MySQL fine-grained lock optimization
This feature applies to MySQL 8.0.20. In MySQL OLTP applications, a large number of DML statements (INSERT, UPDATE, and DELETE) are concurrently executed on the key data structures in the lock_sys->mutex global lock, causing severe lock competition and performance deterioration. The original lock is replaced with a fine-grained hash bucket lock to prevent lock conflicts and improve concurrency. The TPC-C comprehensive performance is expected to increase by 10%.
MySQL NUMA scheduling optimization
This feature applies to MySQL 8.0.20 and MySQL 8.0.25. In high-concurrency MySQL OLTP applications, the default thread scheduling of the system causes frequent cross-NUMA access of threads. In this case, the CPU overhead increases and the performance deteriorates. Therefore, the foreground threads need to be dynamically bound to fixed NUMA CPUs to reduce cross-NUMA access and ensure that the CPU access load is balanced. Background threads need to be statically bound to fixed NUMA CPUs to reduce cross-NUMA access and improve background thread efficiency. The performance is increased by 10% in OLTP scenarios.
MySQL pluggable thread pool
This feature applies to MySQL 5.7.27, 8.0.20, 8.0.25, 8.0.30, and 8.0.35. Only the patch based on MySQL 8.0.25, 8.0.30, and 8.0.35 is pluggable and can be dynamically loaded. In high-concurrency MySQL OLTP applications, there are many threads, and the CPU is consumed by resource contention and frequent switchovers. By enabling the thread pool, all tasks are queued for execution based on the system execution capability. The number of tasks processed by each CPU at a time is limited (2 to 5 for the best), which is to ensure stable service processing capabilities. In the OLTP TPC-C scenario, before enabling the thread pool, the MySQL performance of running 10,000 concurrent tasks is only about 10% of the optimal. After the thread pool is enabled, the performance is maintained at 85%.
CRC32 instruction optimization
This feature supports a patch package for supporting MySQL 8.0.25. It uses Kunpeng CRC32 hardware instructions to replace the software implementation of the CRC32 algorithm, thereby improving system performance. It improves the MySQL sysbench write performance by 5%.
MySQL pluggable online vectorized analysis engine
This feature applies to MySQL 8.0.25. It is a lightweight implementation of the MySQL reserved API (secondary engine). It utilizes the multi-core advantages of the Kunpeng processor through parallel computing of execution plans, multiplying the OLAP performance. This plugin is pluggable and can be dynamically loaded. The parallel acceleration technique improves the OLAP query performance by more than three times.
Milvus KScaNN optimization
This feature supports Milvus 2.4.5. It connects to KScaNN, a self-developed recall algorithm of Kunpeng through the reserved Milvus interface. By utilizing the advantages of Kunpeng, the feature improves the query performance (QPS) by over 30% with a high recall rate (0.95).
Milvus KBest optimization
This feature supports Milvus 2.4.5. It connects to KBest, a self-developed recall algorithm of Kunpeng through the reserved Milvus interface. By utilizing the advantages of Kunpeng, the feature improves the query performance (QPS) by over 30% with a high recall rate (0.99).
Milvus vector instruction optimization
This feature supports Milvus 2.4.5. It is implemented using the SEV instruction set as well as hardware and software prefetch. It reduces the overhead of distance function calculation to improve the Milvus query performance (QPS) by 20% with a high recall rate (0.99).

Virtualization

Kunpeng BoostKit for Virtualization addresses the issues such as low virtualization light-load performance, heavy network loss, severe resource fragmentation, and open source ecosystem availability. It provides features such as Open Virtual Switch (OVS) flow table NIC acceleration to improve system performance, giving full play to the computing power of Kunpeng based on the multi-core architecture and inter-core isolation.

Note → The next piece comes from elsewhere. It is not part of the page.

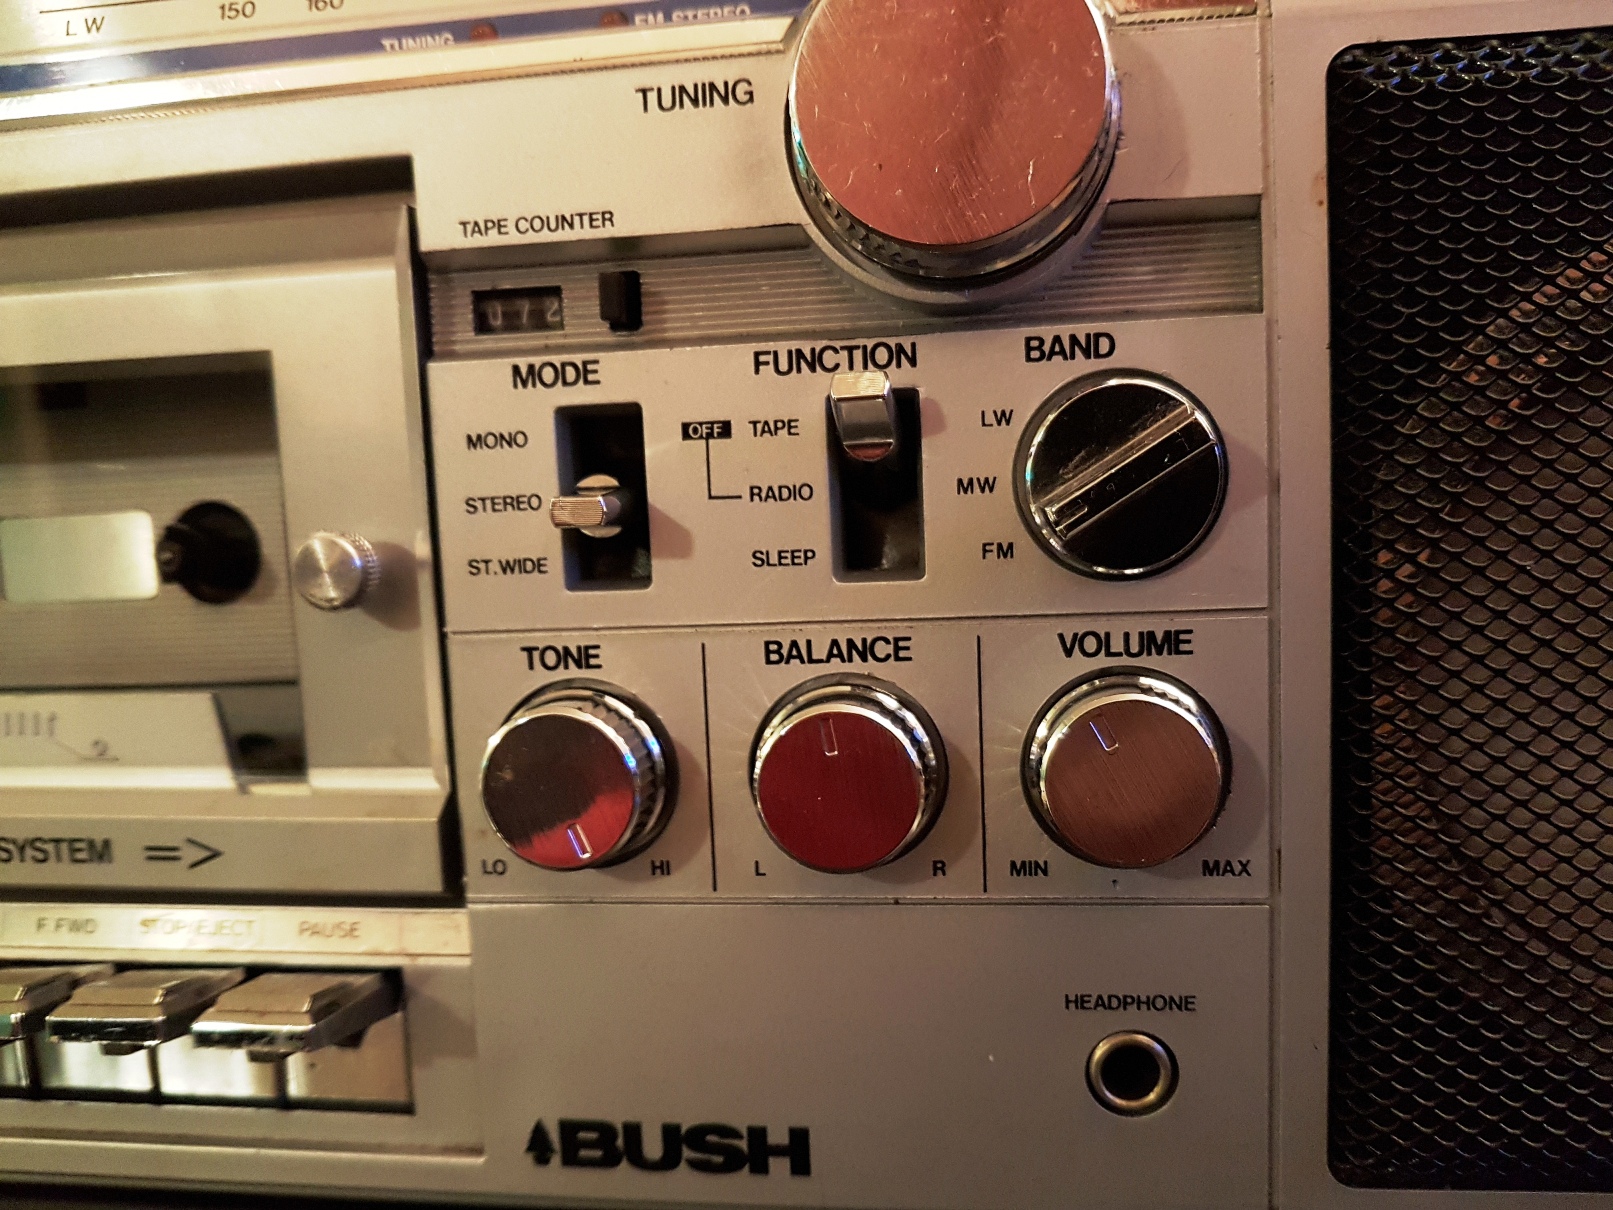 Bush 7080 Stereo Radio Recorder - February 2018 (19).jpg

OVS flow table NIC acceleration
In virtualization scenarios, the OVS forwarding flow table is offloaded to the NIC hardware, and the table lookup capability of the hardware is used to accelerate flow table lookup and improve the processing capability of the virtualized network. The forwarding performance of the virtualized network is increased by 10 times.
Virtualization scheduling optimization
Kunpeng BoostKit for Virtualization accelerates CPU scheduling for applications on VMs based on software-hardware collaboration.
- The CPU topology structure is directly passed to the VM through the NUMA awareness and cluster awareness features. The VM OS kernel utilizes the cluster task scheduling optimization to accelerate multi-thread/process calls.
- The lock mechanism during preemption is optimized to improve VM performance in overcommitment scenarios.
- The hardware deadlock mechanism is introduced to prevent VM suspensions and recovery failures caused by hardware deadlocks.
KAE accelerated live migration
This feature is used for VM live migration. The KAE compression module provides the standard zlib interface KAEZlib. This module can replace the native zlib library to accelerate VM live migration. Compared with the native zlib library, KAE can significantly save CPU resources during compression and decompression for VM live migration. With the same CPU resource consumption, KAE can significantly increase VM live migration speed.
Hardware-assisted virtualization acceleration
This feature is suited for network- and I/O-intensive services. When hardware-assisted virtualization acceleration is enabled on new Kunpeng 920 processor models, the direct interrupt injection of GICv4.1 (including vSGI passthrough) cuts interrupt response times and enhances throughput for demanding network and I/O workloads.
Hot swap
- vCPU hot swap: vCPUs of VMs simulate an ACPI Generic Event Device (GED) based on the ACPI specification. It dynamically simulates CPU power-on and power-off through interrupts and processing functions during vCPU adjustment.
- QEMU VM memory hotplug: This feature makes the VM's XML configuration file contain a NUMA node with 0 initial memory and dynamically adds memory to the NUMA node using memory hotplug commands.
MPAM plugin
MPMA helps to restrict the memory bandwidth and L3 cache capacity occupied by offline services to prevent offline services from affecting the performance of real-time services.
- The MPAM plugin can be deployed on each compute node to configure resource groups in the YAML file. The memory bandwidth and L3 cache capacity are specified for each resource group.
- When an offline service is deployed, the resource group to which the service belongs can be specified in the YAML file.
- After the MPAM plugin detects a deployment task, the plugin allocates the process ID of the container service to the corresponding resource group. (The restriction information is configured on the hardware chip through the OS.)
  
  The MPAM plugin manages these shared resources: L2 cache, L3 cache, and DMC bandwidth.
Kubernetes NUMA affinity scheduling plugin
This feature is suited for container overcommitment scenarios. It supports Kubernetes 1.28.4 and Containerd 1.7.14. It captures container requests through NRI mode during container runtime, and sets the container cgroup parameter based on the scheduling policy, thereby implementing NUMA affinity management. This feature improves container performance by 5% to 10% in container overcommitment scenarios.
Kubernetes SR-IOV device plugin
This feature can improve network and encryption/decryption performance for Kubernetes. It uses the Devices Plugin to manage SR-IOV devices, simplifying SR-IOV device passthrough for containers. The feature supports passthrough NICs and KAE devices, accelerating network and encryption/decryption performance in container scenarios.
Virtualized KAE (vKAE)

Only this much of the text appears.